К полуночи батальон гвардии майора С. Хохрякова и мотострелковый батальон капитана Н. Горюшкина вели сражения на подступах к железнодорожной станции, обороняемой противником с необычным упорством: там заканчивалось формирование нескольких эшелонов.
Группе разведчиков бригады под командованием старшего сержанта С. Удалова было дано задание проникнуть в тыл противника и подорвать выходные стрелки на железной дороге Ченстохов — Люблинец. Разведчики блестяще выполнили задание и захватили пленного. Он показал, что ожидается подход частей с запада и немецкое командование требует от гарнизона упорной борьбы.
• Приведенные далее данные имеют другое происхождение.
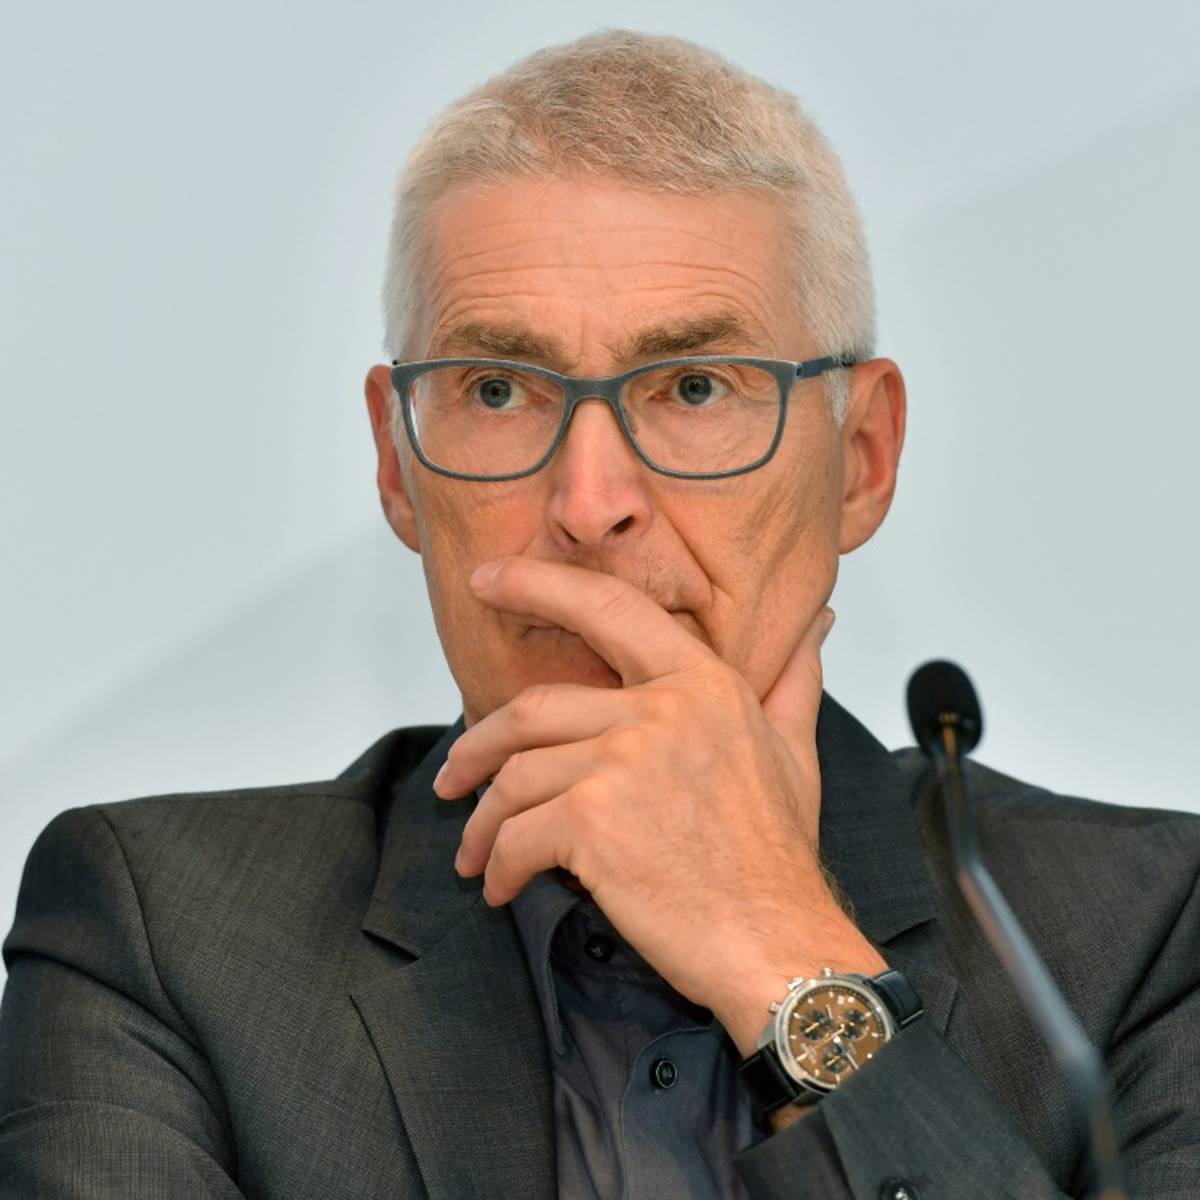 Die Schiedsrichter stehen in der laufenden Bundesliga-Saison in der Kritik. Nun gesteht auch ihr Boss Lutz Michael Fröhlich Fehler.

Хохряковцы, усилив свои атаки, наконец вырвались на железнодорожную станцию. На путях — вагоны с грузом, цистерны с бензином, платформы с тягачами, танками, крупнокалиберными зенитными пушками. Пыхтели паровозы, готовые отправиться в путь.
— Вперед на паровозы! — приказал комбат.
Считанные минуты потребовались для того, чтобы от паровозов полетели горящие клочья. Угрожающе зашевелились зенитки на платформах. Но предпринять что-либо фашисты уже не смогли. «Тридцатьчетверки» метким огнем уничтожали расчеты противника, таранили платформы с техникой.
К утру сопротивление врага стало ослабевать. Понесенные потери, угроза окружения, рухнувшая надежда на помощь резерва надломили его силы.
Танковые батальоны выполнили свою боевую задачу. Мотострелки Н. Горюшкина и автоматчики капитана В. Ашихмина добивали в городе мелкие, разрозненные группы врага.
Успех бригады И. И. Чугункова получил высокую оценку. В своих военных мемуарах дважды Герой Советского Союза З. К. Слюсаренко приводит по этому поводу такие слова скупого на похвалу командира П. С. Рыбалко:
«Ну и молодец, ай молодец наш Иван Ильич! Я же ему говорил: «Возьмете Ченстохов, возьмете. Один только ваш комбат Хохряков чего стоит. Цены ему нет!»
Успех был действительно небывалый. Только батальон С. В. Хохрякова с 12 по 18 января прошел с боями свыше двухсот километров, уничтожил 1200 вражеских солдат и офицеров, 8 «тигров» и «пантер», 25 полевых пушек, 180 авто- и бронемашин. А главное, батальон помог решить оперативную задачу армии — войти в прорыв обороны противника, ворваться в его тылы и деморализовать его.
Последним рубежом Висло-Одерской операции был Бунцлау.
«Мы пришли сюда, — вспоминает один из однополчан С. В. Хохрякова Л. И. Селиванов, — когда спокойствие тылового города уже легло на его булыжные мостовые. Бунцлау — городок небольшой, вскоре мы оказались на одной из центральных улиц. Тут стоял двухэтажный деревянный дом, в котором умер Кутузов. Возле дома, в кругу повисшей на низких каменных столбиках тяжелой цепи, — памятник полководцу. Было удивительно, непонятно встретить его в логове фашистского зверя…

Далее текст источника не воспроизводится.